Take a picture of your family, talk to them on the phone, tell friends to come and visit you, and you’ll see that time will somehow fly and you’ll be back home.
Get some rest because when you return, you’ll need to have a lot of energy to sort out all the stuff that is out of place. Start with the socks on the floor, for example!
2 Feeling Emotional
Let’s leave the joke behind. Maybe another really awful thing about being in the hospital is the stress and all the emotional discomfort you might go through.
Not knowing what’s happening, wondering if something bad will come to you again, worrying about your little one, feeling stressed due to the different environment and all the injections, being scared when you hear women going into labor: the list of things that can make you worry is too long.
First-time mothers can be extra stressed as they don’t know what to expect. So just don’t listen when another person starts telling you a scary story.
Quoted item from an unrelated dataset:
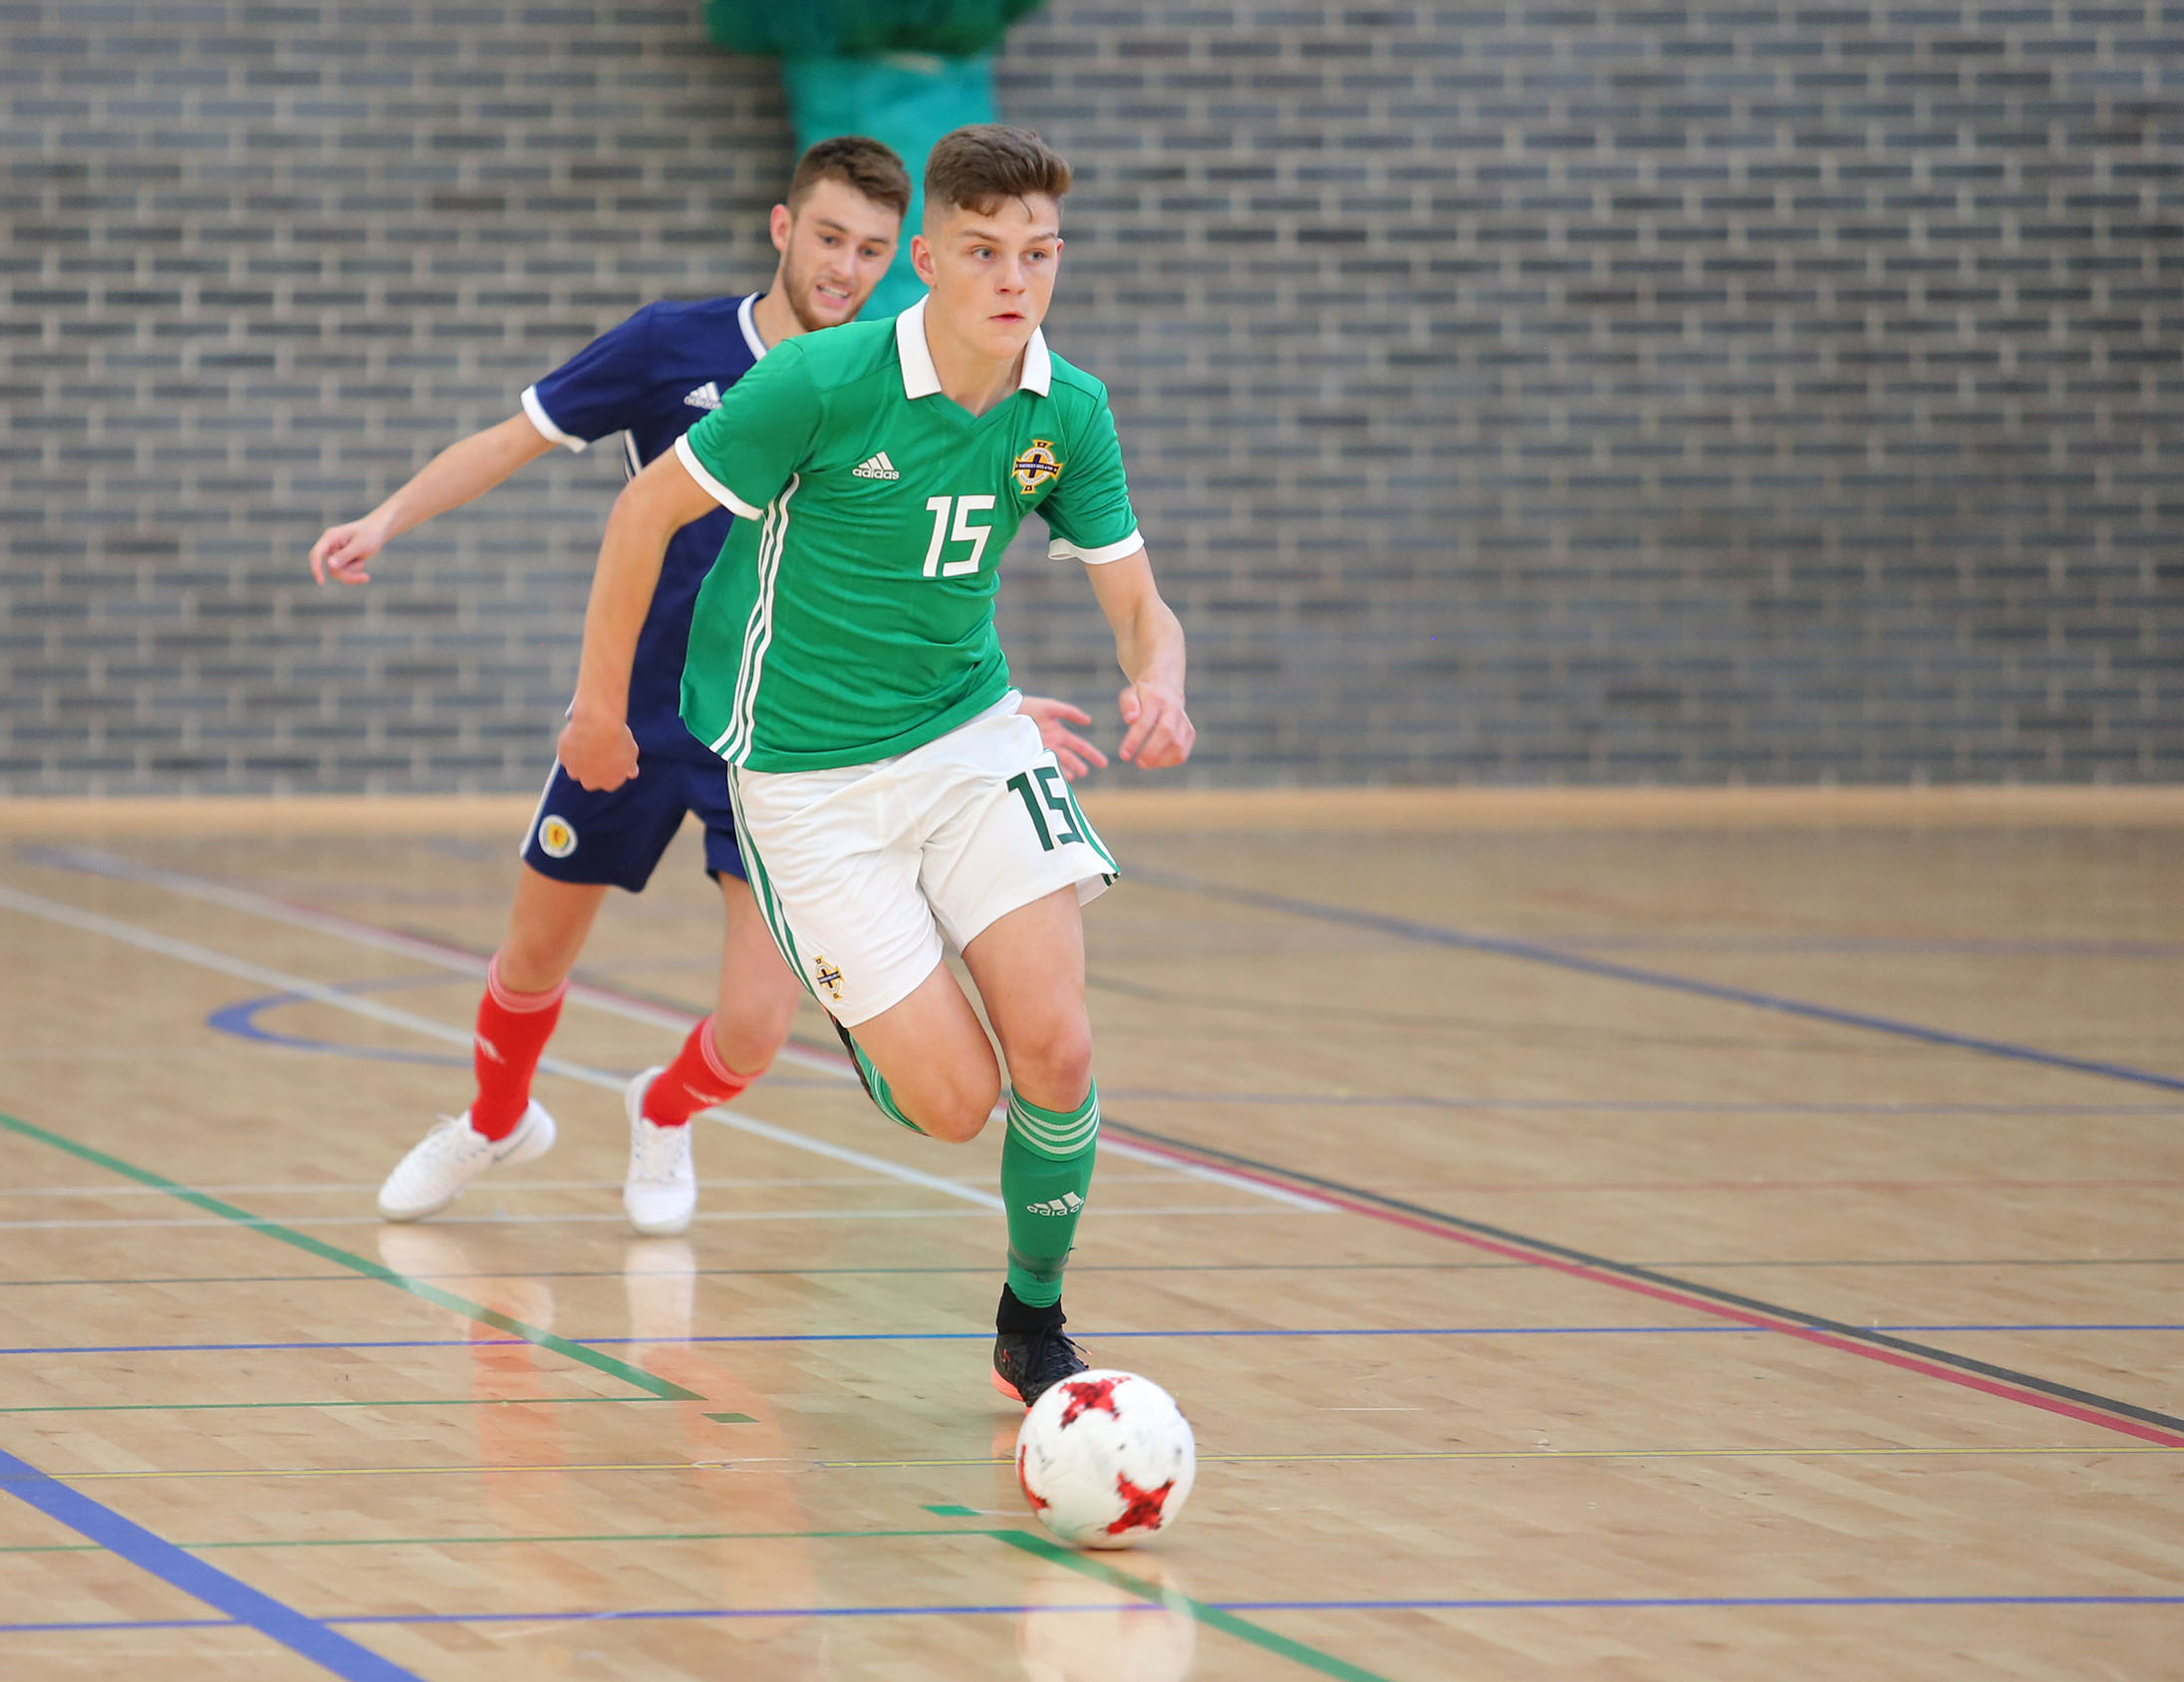 IFA Futsal players gain an edge with Performa Sports

Giving birth is challenging but think of the joy that comes with it.
Also, don’t be scared to ask for help after delivery because the postpartum period can be as stressful as being pregnant or giving birth. The lack of certainty and all the lifestyle changes should be issues you should address not reasons to feel guilty about.
1 Bringing The Baby Home
And maybe the worst thing about staying in the hospital is… your baby. No, no, I’m not so terrible. I don’t mean the baby, but the thoughts that come with having a baby.
All the physiological changes and social restrictions are nothing compared to the worries a parent might have.
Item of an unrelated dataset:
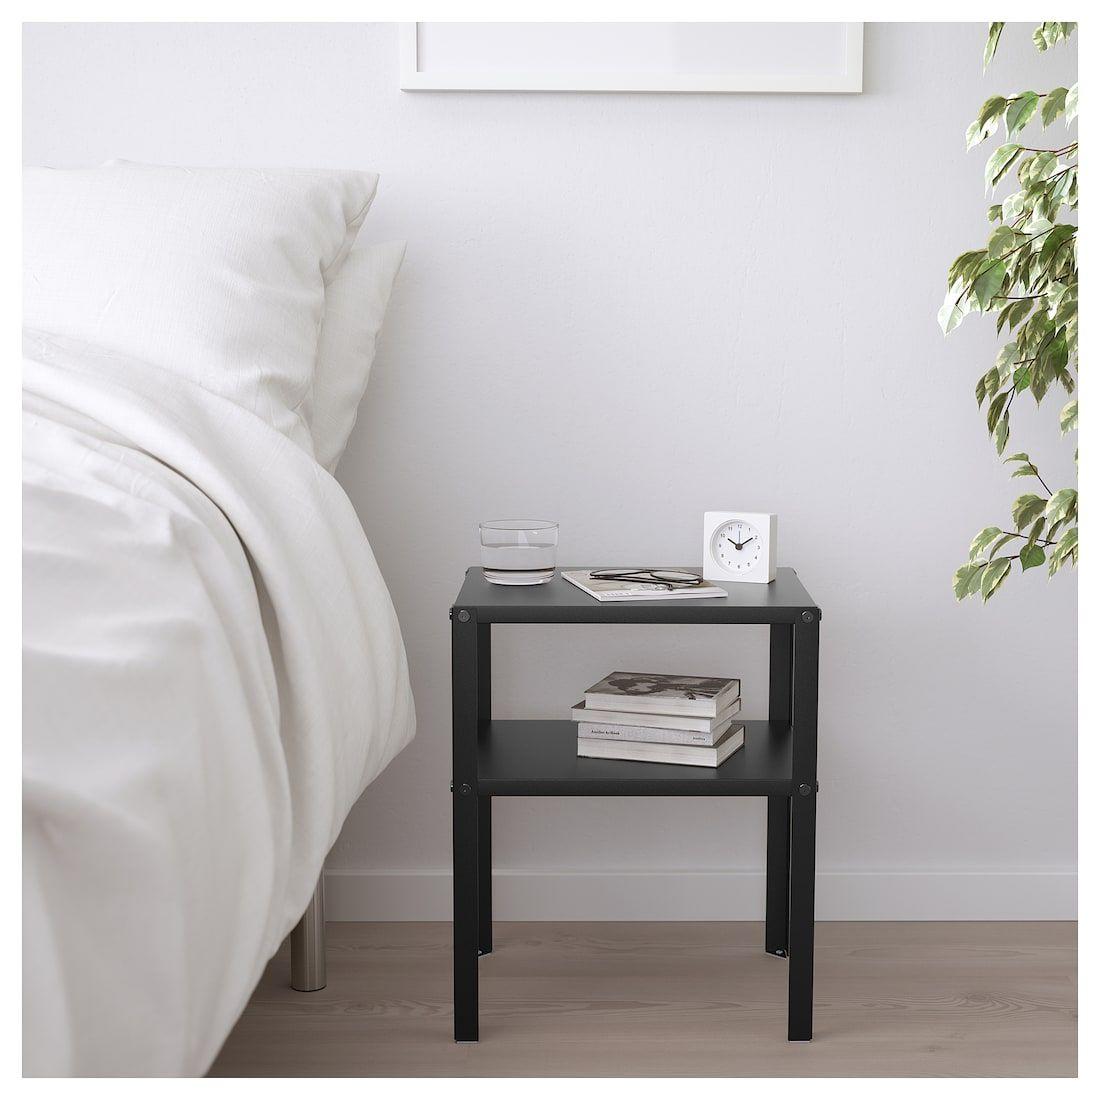 Knarrevik Nightstand Black 14 5 8x11 Ikea Cheap Bedside Tables Small Nightstand Black Bedside Table

Is the baby okay? Is the little one healthy? Will I be a good parent? Have I done something wrong? Why should I stay in the hospital? Is it my fault? Questions of all sorts can make your stay really terrible and can lead to some scary nightmares.
However, be sure that you are a good person. I know you’re unique but remember that there are many people like you who have to stay in the hospital. So take an advantage of our advanced medicine, get an interesting book, pack your makeup bag and enjoy your hospital stay.
Most of all, remember that your baby is happy only when you are.